The etiopathogenesis of FBG is not well understood. The leading hypothesis is an association with compromised gingival epithelium, which permits introduction of foreign bodies as a nidus for chronic inflammation in and around the gingival sulcus. Risk is perhaps highest in patients who have predisposition for mucosal ulceration and chronic inflammation at the gingival sulcus, such as those with oral lichen planus (OLP), mucous membrane pemphigoid, or chronic periodontal disease.

Granulomatous inflammation is seen in only 50% of FBG cases. Consequently, FBG may be misdiagnosed as one of several heterogeneous mucocutaneous conditions. In particular, FBG most closely mimics the clinical and histopathologic features of OLP, such as in our described case. FBG and OLP have many similarities with subtle differences that enable separation. The clinical distribution of OLP is symmetrical, and lesions may migrate with disease progression, whereas FBG is typified by fixed lesions within the marginal or interdental gingiva. Therapeutically, high-potency topical corticosteroids are first-line treatment for OLP but show minimal to no improvement in FBG. Diagnostic suspicion for FBG should increase considerably if lichenoid interface mucositis is restricted to the interdental gingiva or proves recalcitrant to corticosteroid therapy. Although the disease course is chronic for both entities, OLP exhibits episodic flares coupled compared with FBG that persists indefinitely. Bacterial dental plaque reportedly incites flares of OLP, and symptoms may resolve with better oral hygiene practice. Paradoxically, FBG is unaffected by hygiene measures that target plaque prevention.

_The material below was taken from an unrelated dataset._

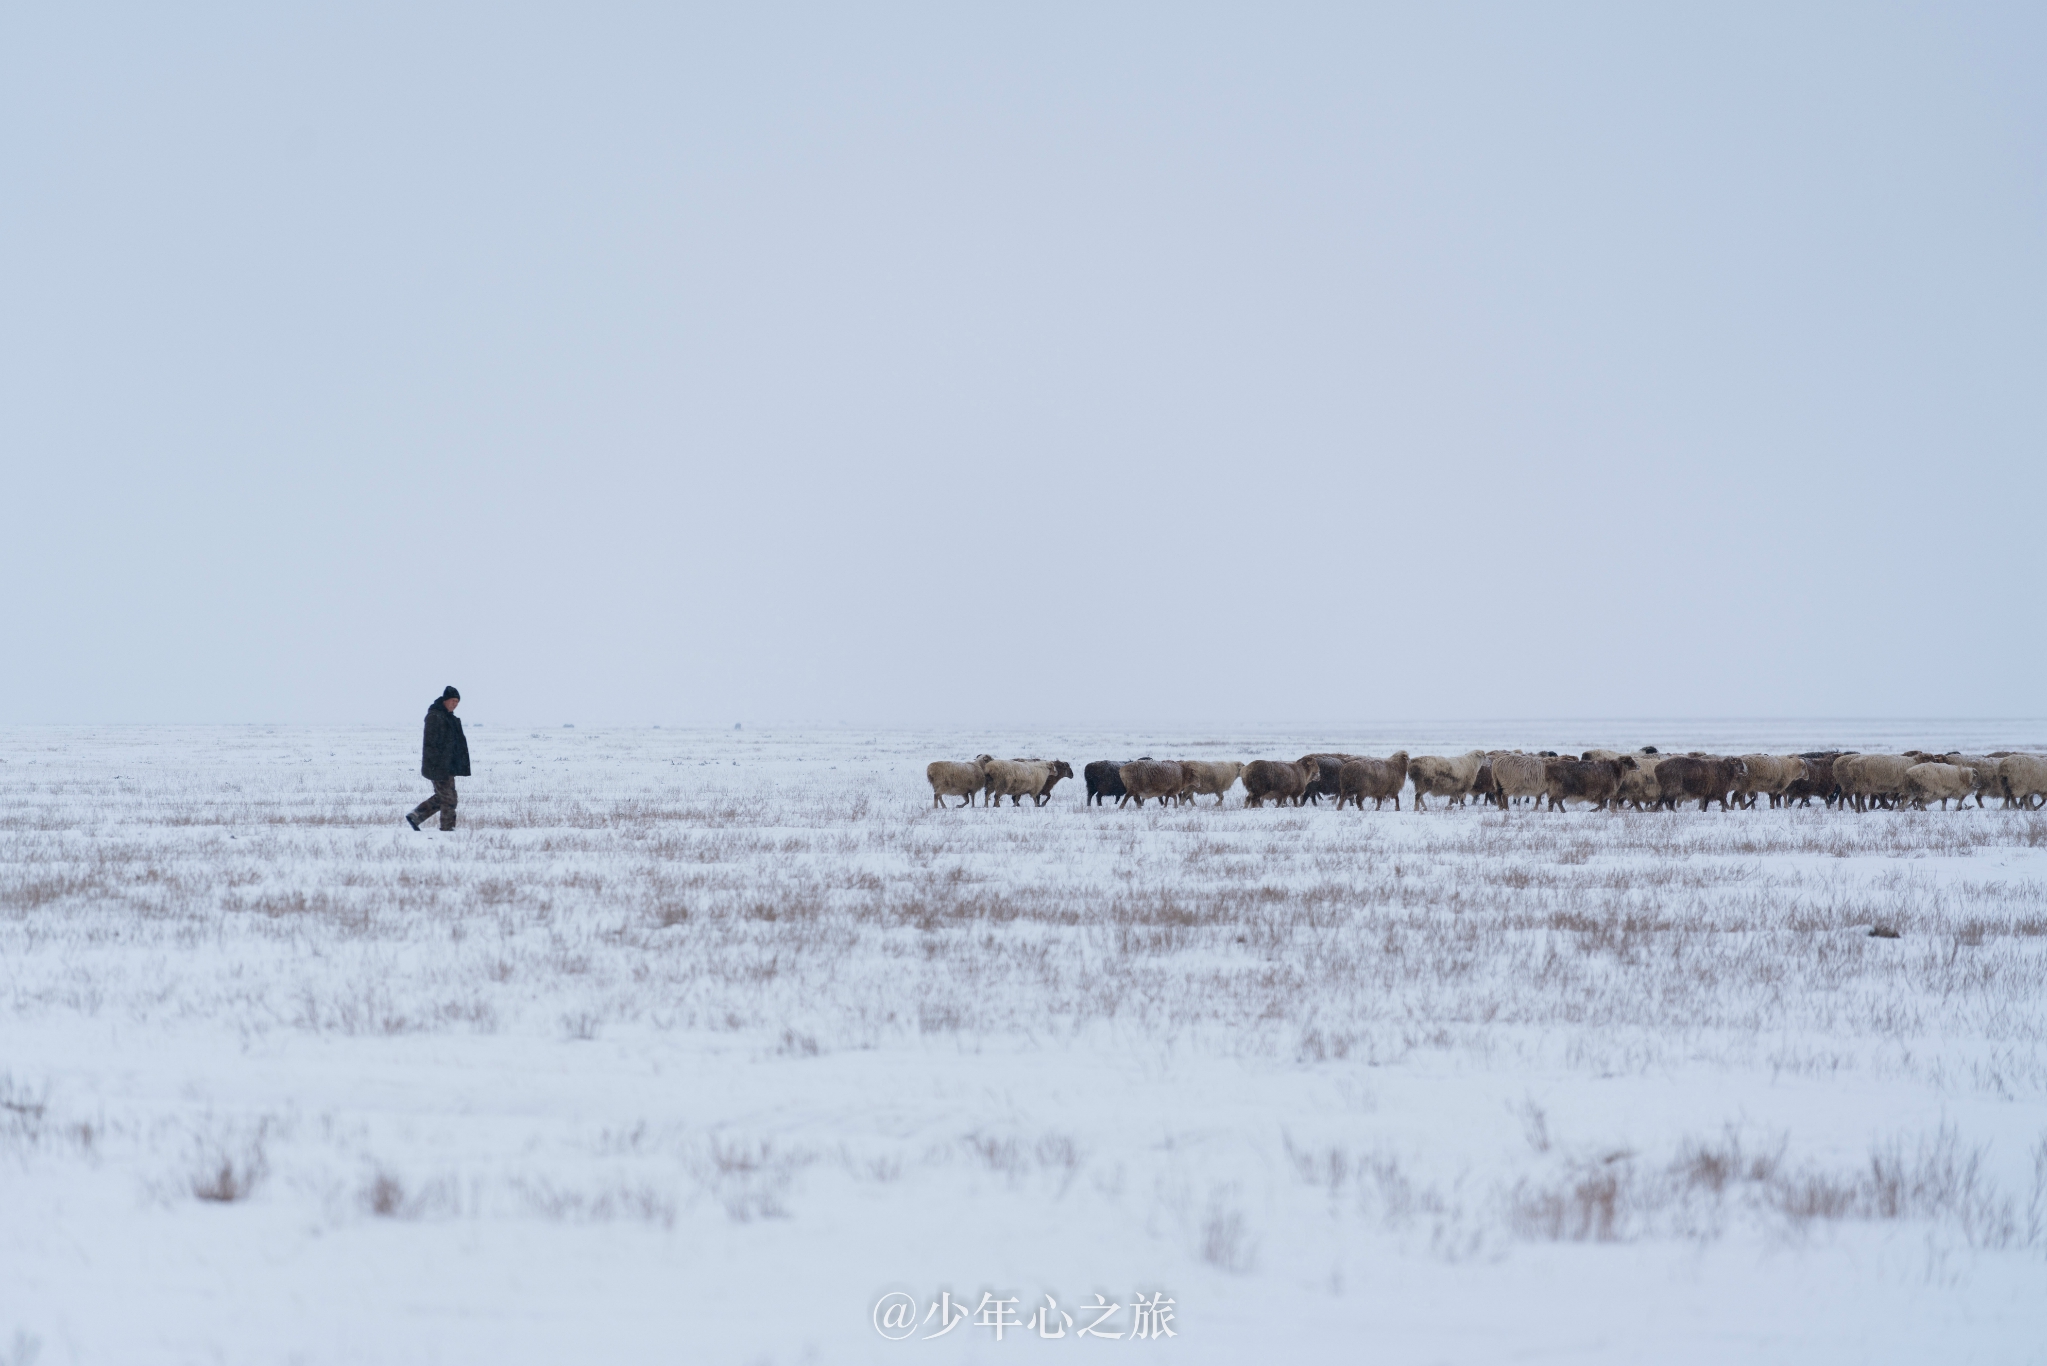 冬游新疆，你是我们梦回牵绕的远方
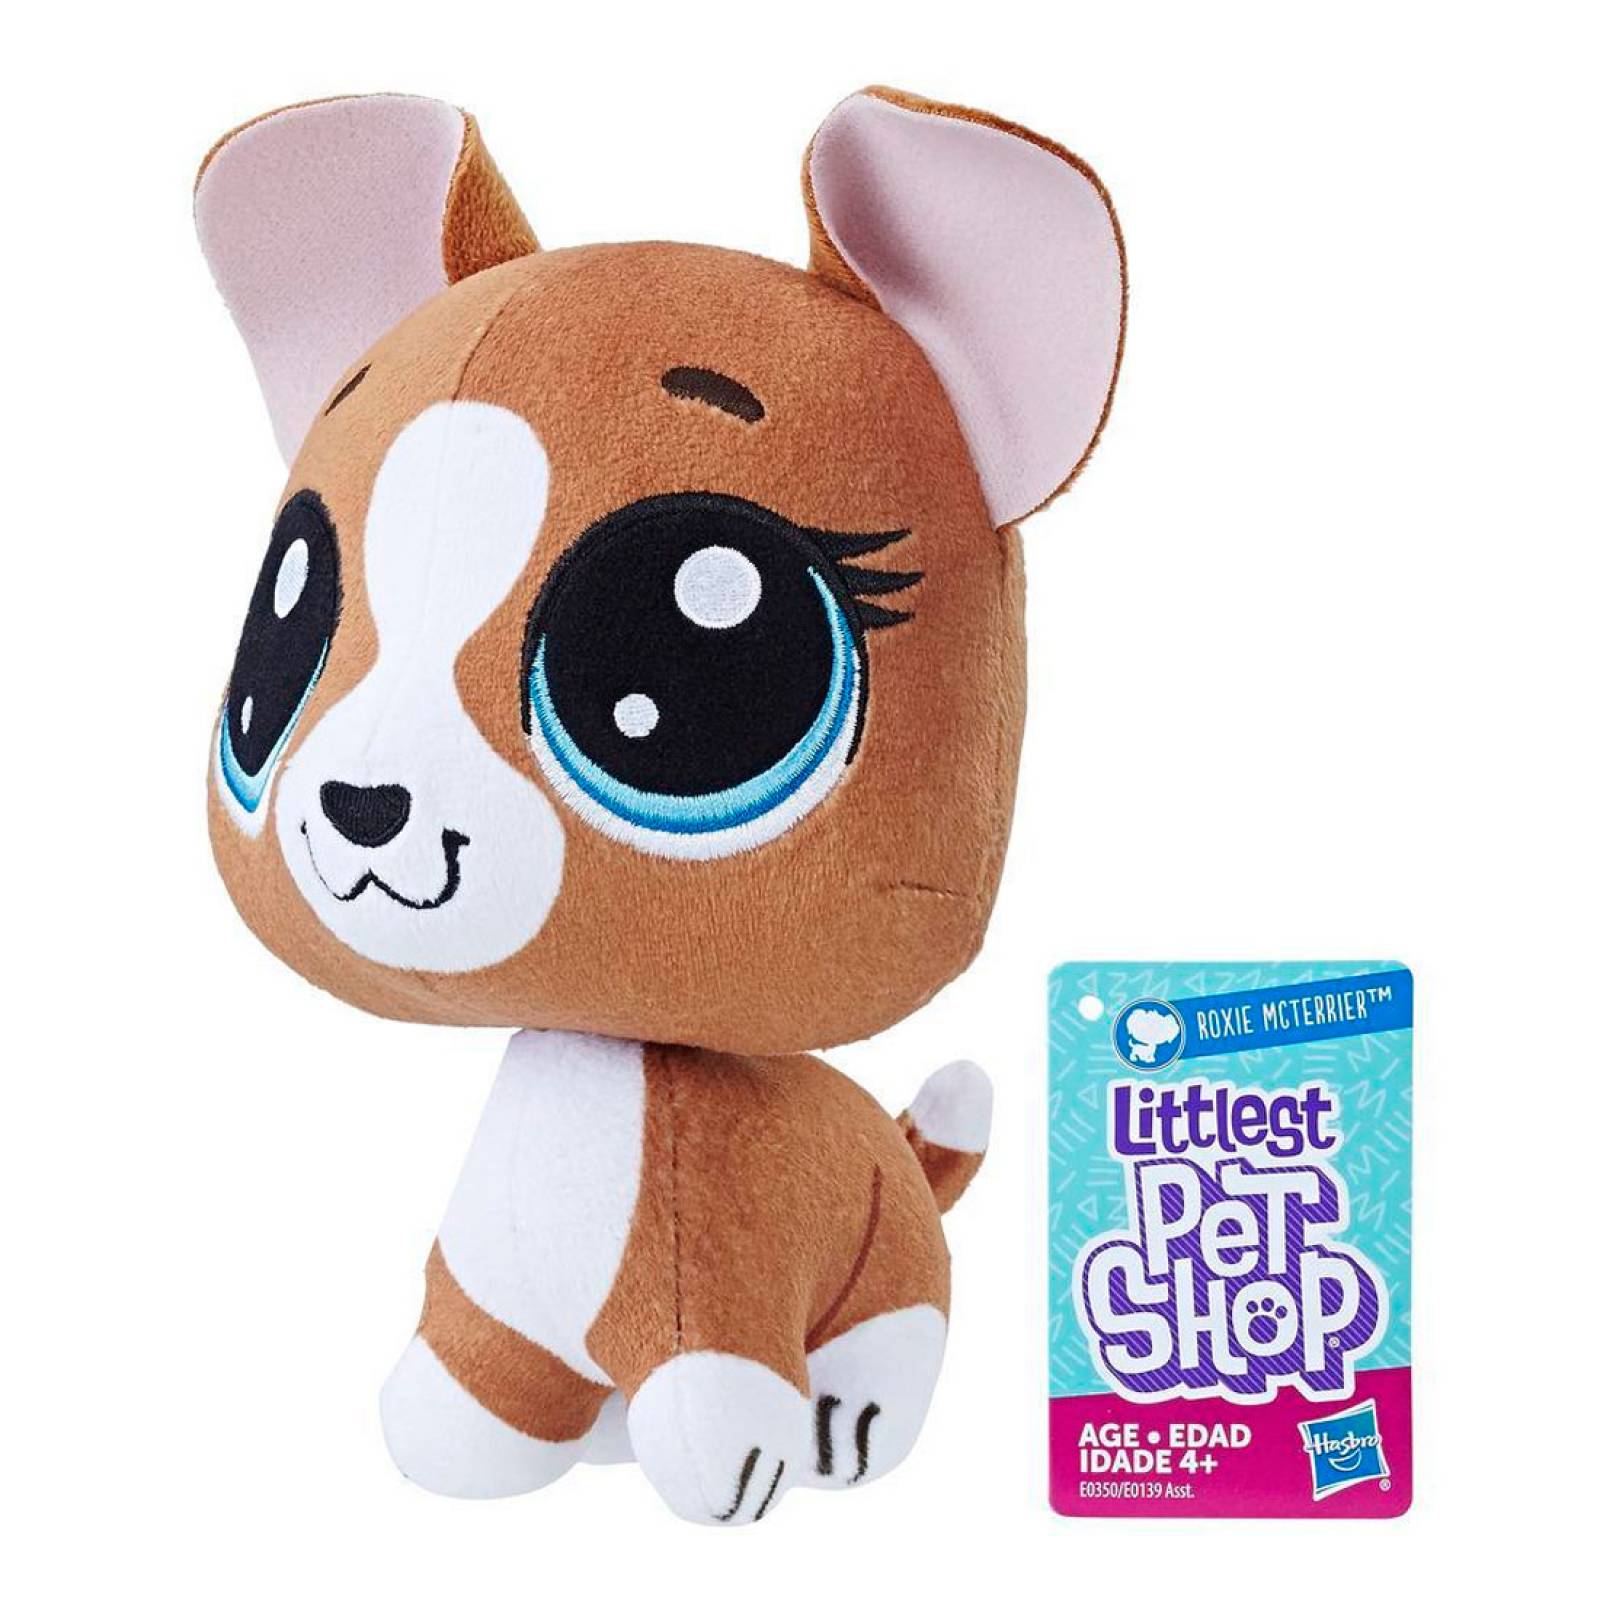 Peluches Coleccionables Littlest Pet Shop Assortment Hasbro

The propensity for clinical misdiagnosis highlights the necessity of a mucosal biopsy to establish the diagnosis.2, 7 FBG mimics OLP microscopically with a band-like infiltrate of lymphocytes at the submucosal-epithelial interface coupled with keratinocyte cytotoxicity. Microdeposits of often polarizable foreign particulate matter within and surrounding histiocytes and histiocytic giant cells are pathognomonic for FBG. Diagnostic criteria include histopathologic findings of (1) identification of foreign bodies in the gingival connective tissue in sites of chronic inflammation and (2) localization of the foreign bodies in at least 2 sequential tissue sections. A biopsy may require intense scrutiny given the small size of foreign particulate matter. Cases of FBG have been associated with amalgams, dental crown placement, dental prophylaxis, orthodontic treatment, and periodontal surgery.1, 8

To date, efficacious conservative therapies for FGB are limited. Topical corticosteroids commonly provide relief in lichenoid mucositis of divergent etiologies, but its role in FBG is less consistent. The role of surgical excision and gingival grafting is controversial and has been suggested in the rare, extreme cases; this treatment is probably impractical in the setting of multifocal involvement. When discussing treatment options, it is important to counsel patients that FBG does not correlate with oral hygiene or calculus formation. Moreover, counseling should focus on an avoidance of air abrasion polishing, which can lead to further exacerbation in predisposed individuals. All together, these factors should be addressed before pursuing any type of dental restoration. FBG is an unusual condition that may present with chronic desquamative gingivitis leading to diagnostic confusion or overt misdiagnosis as erosive lichen planus. Dermatologists should be aware of this entity to prevent diagnostic delay and untoward complications from a therapeutic arsenal better reserved for systemic mucocutaneous disorders.